- What you have to do
Beginning with the line that contains "YUME Y11+ Review", retype the entries below exactly, ending with the line that contains "Black & Tan". Leave out any pictures.

- Material for the task
• • • • • • •

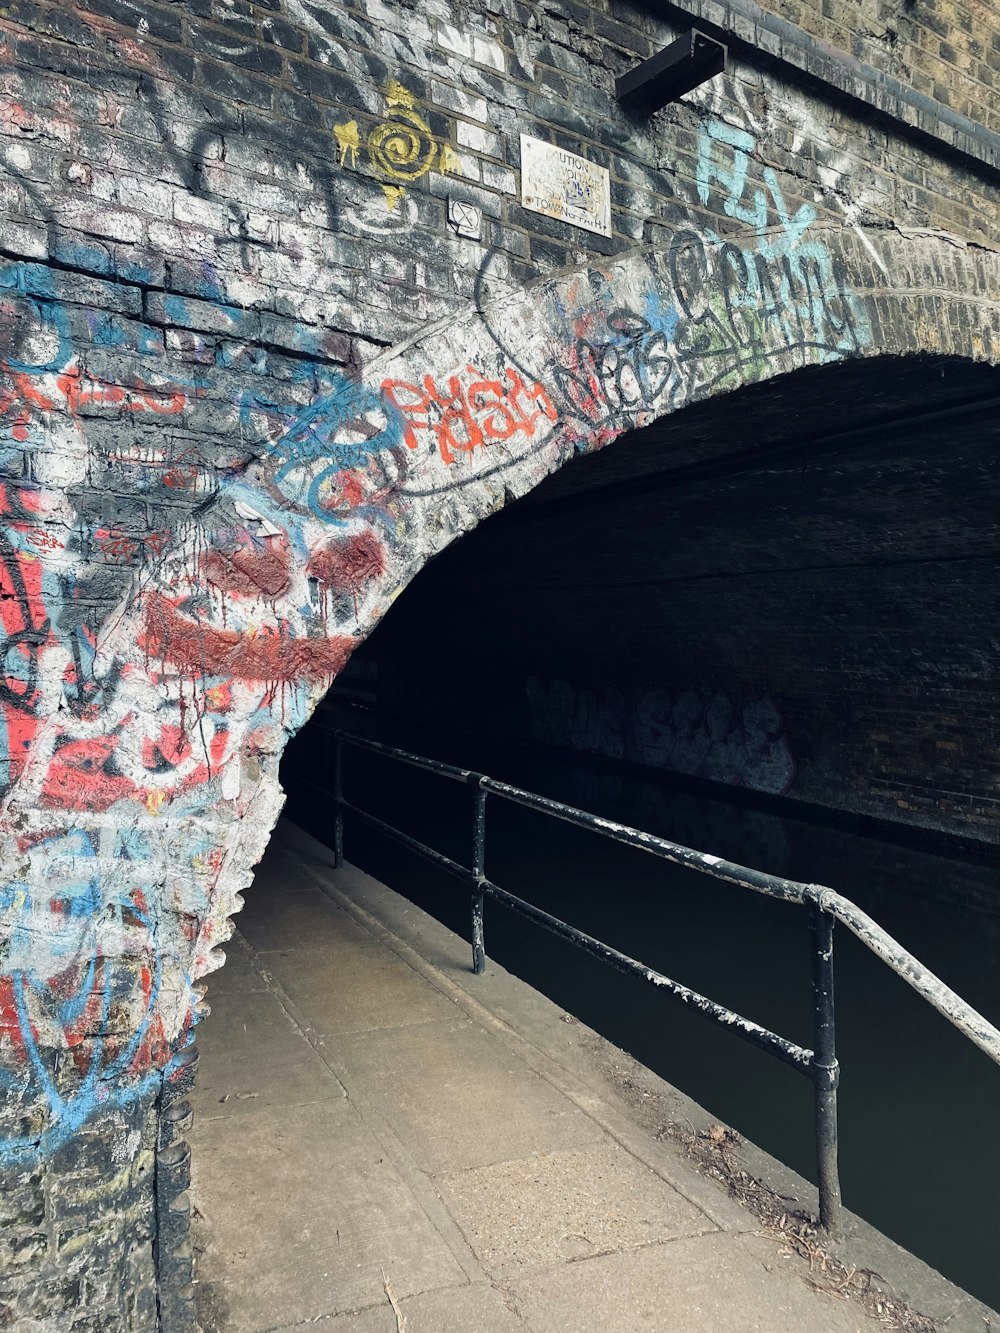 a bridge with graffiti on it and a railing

• • • • • • •

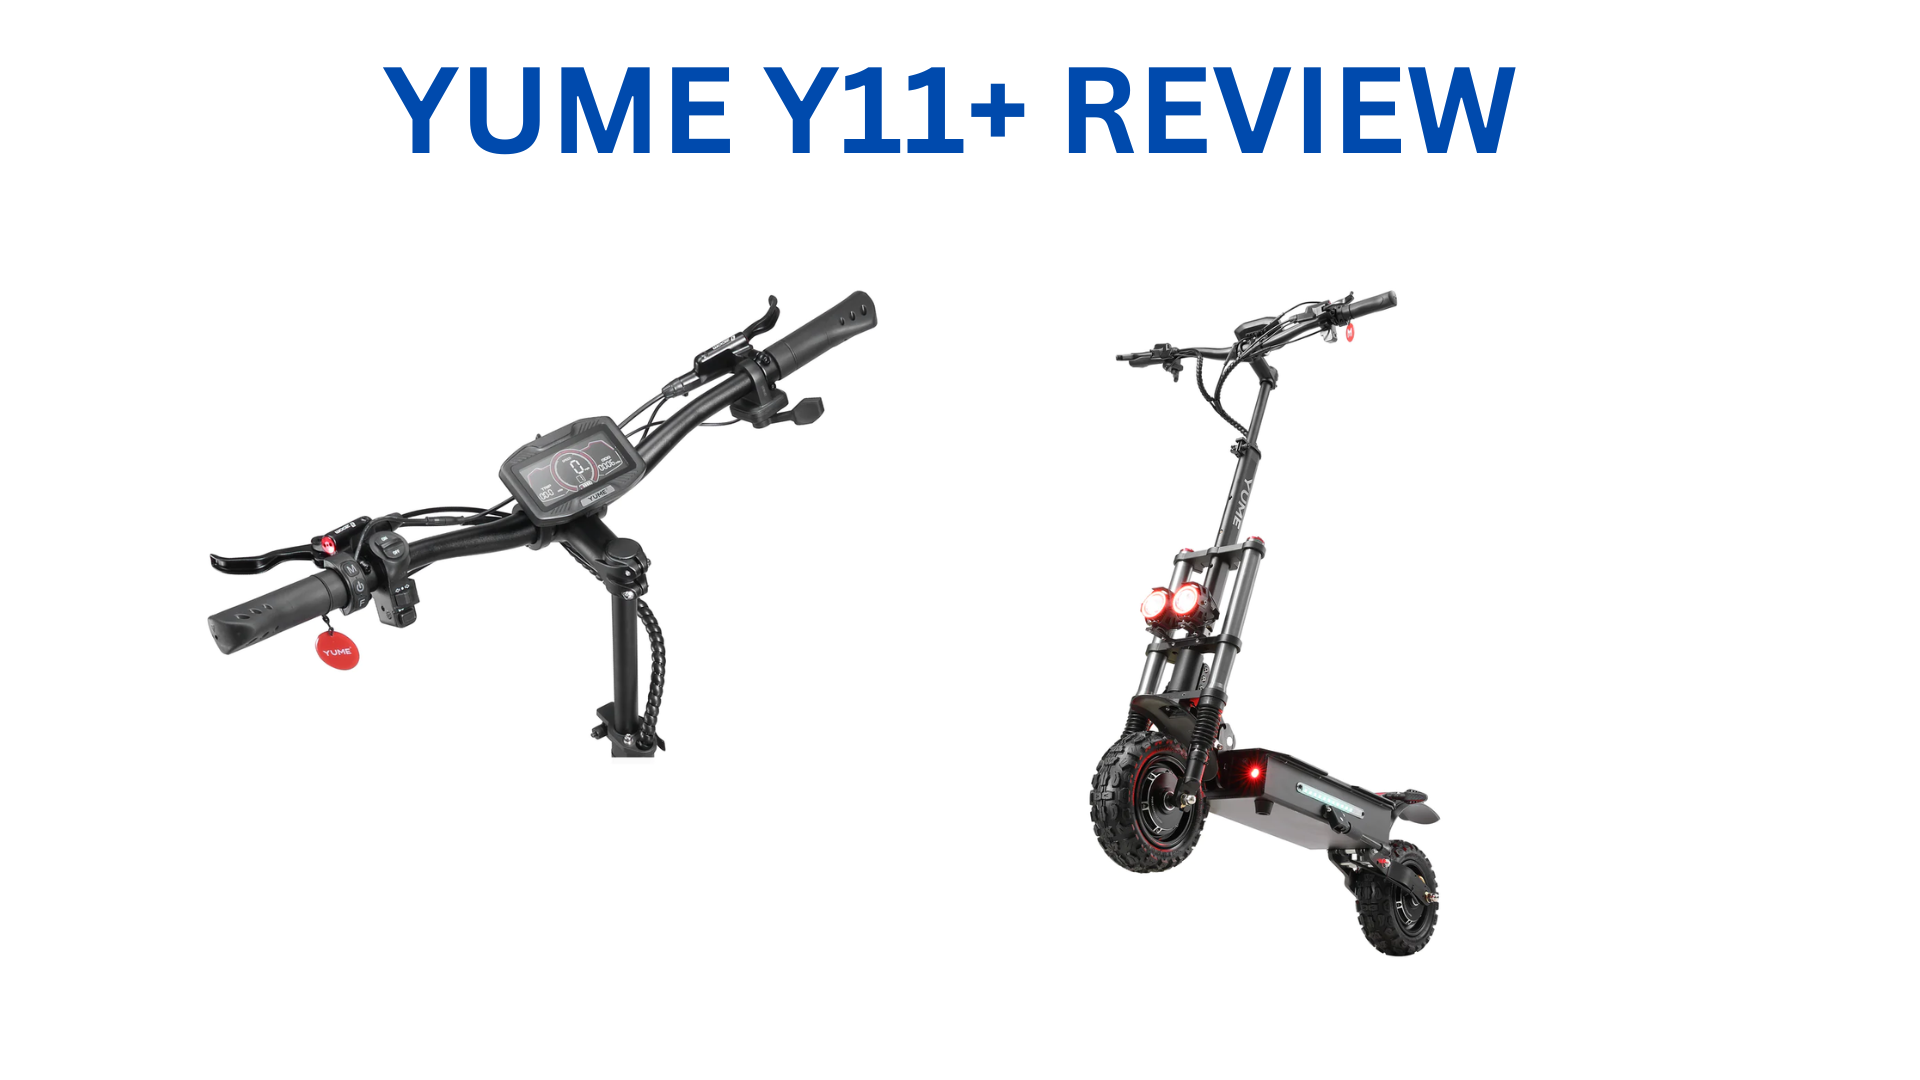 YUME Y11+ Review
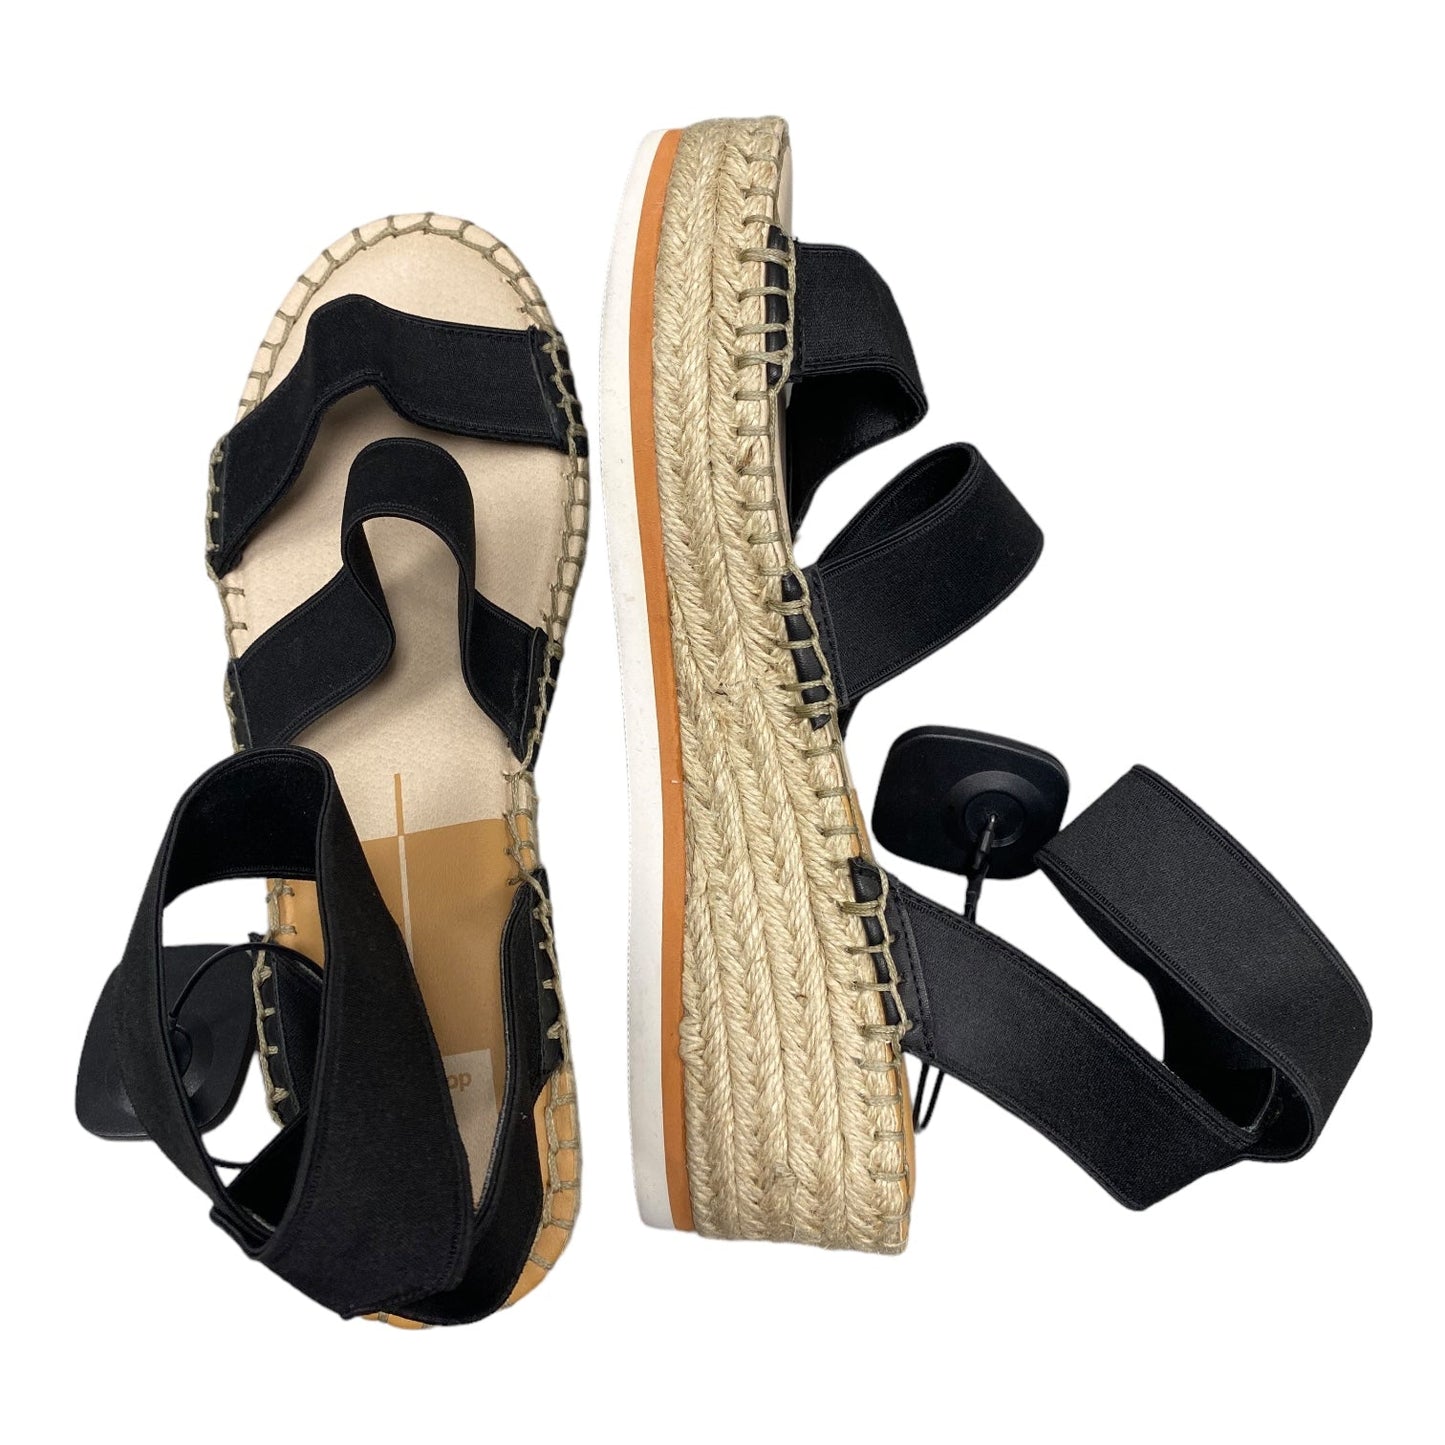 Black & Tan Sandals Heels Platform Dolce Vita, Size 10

• • • • • • •

- Written answer
 YUME Y11+ Review
 Black & Tan Sandals Heels Platform Dolce Vita, Size 10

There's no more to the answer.